Yes, with regard to job security, a lot of it also has to do with the fact that, just as in white society, if you have mayors and councils, or if you have provincial elections or federal elections, they all have consequences. What happens when there is a new government in town? They wipe the slate clean, and that happens in a lot of our first nations communities as well. If you have somebody in that capacity who is from a different clan, for example, and then a new clan takes over, basically they're in charge of the whole first nation. They decide who gets the jobs, who gets the positions and what have you.
You know, I am only there at the pleasure of the chief and council, and if they don't like me for whatever reason, I could be gone after the next election, and with me the capacity. Indigenous Services Canada will fund a position only if there is a certified land manager in that position. If there isn't, it goes to heck in a handbasket.
I'll give you one example. Back home, in one of the first nations—I won't name it—my friend was employed as a professional certified land manager.
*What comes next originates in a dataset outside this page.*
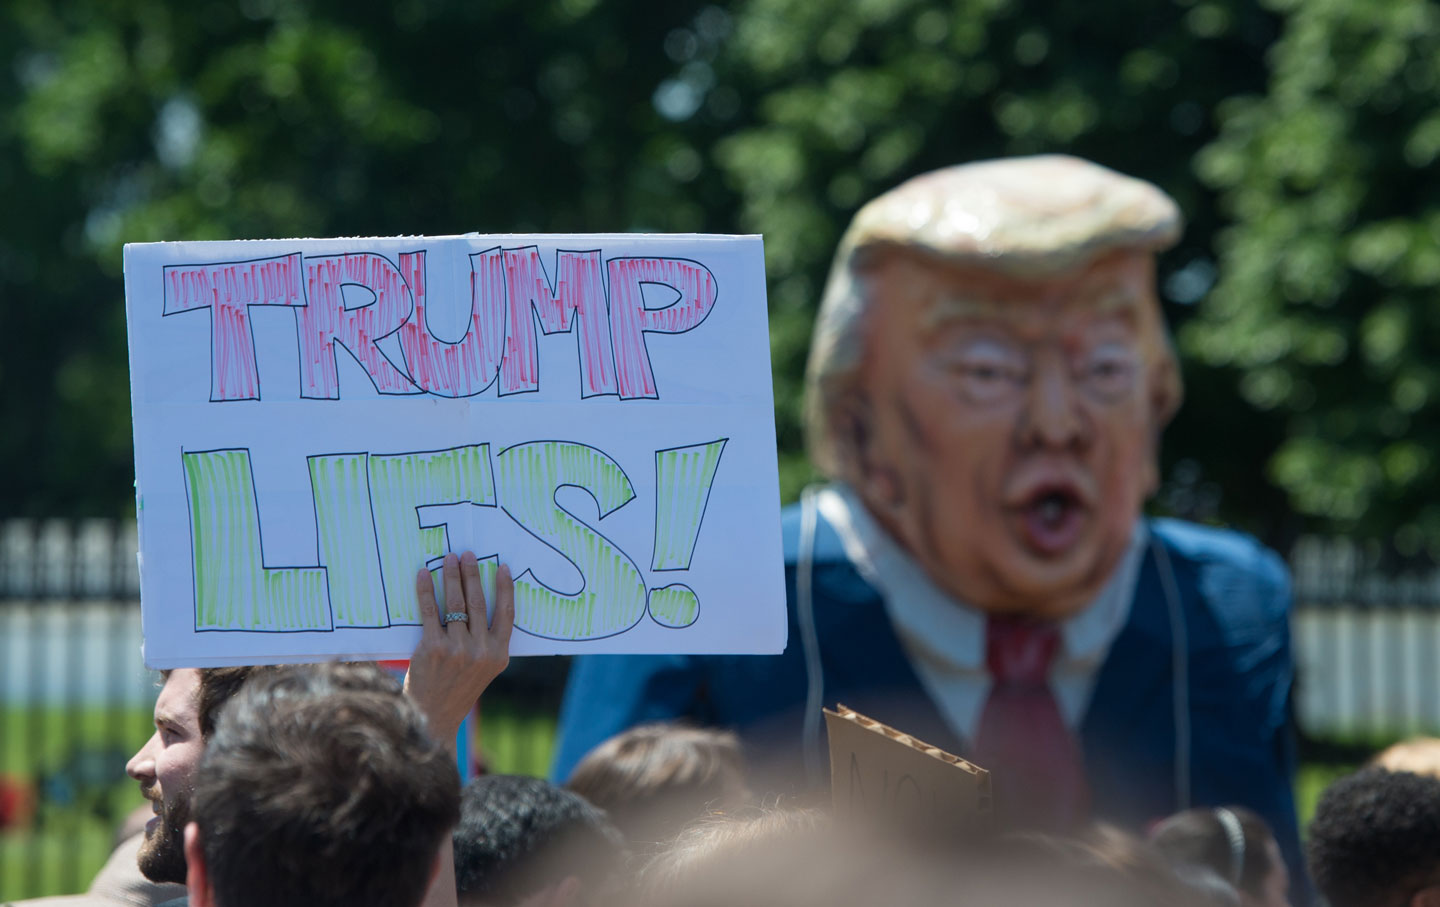 A protester holds up a sign while a person walks around in a caricature of Trump during a peaceful protest

A new chief and council came in and he was gone. He waited until the next election, when some other people were back in office, and he got his job back. In the meantime, they had lost several years of capacity-building and improvement and whatnot.
The more land managers are certified in each community, the better, even if they're not working specifically in that capacity, because a lot of times you need the resources to fund those positions. If the money is not there, you're looking at one member of staff. Some communities have six or seven, and I commend them. Most of us are all by our lonesome in the office.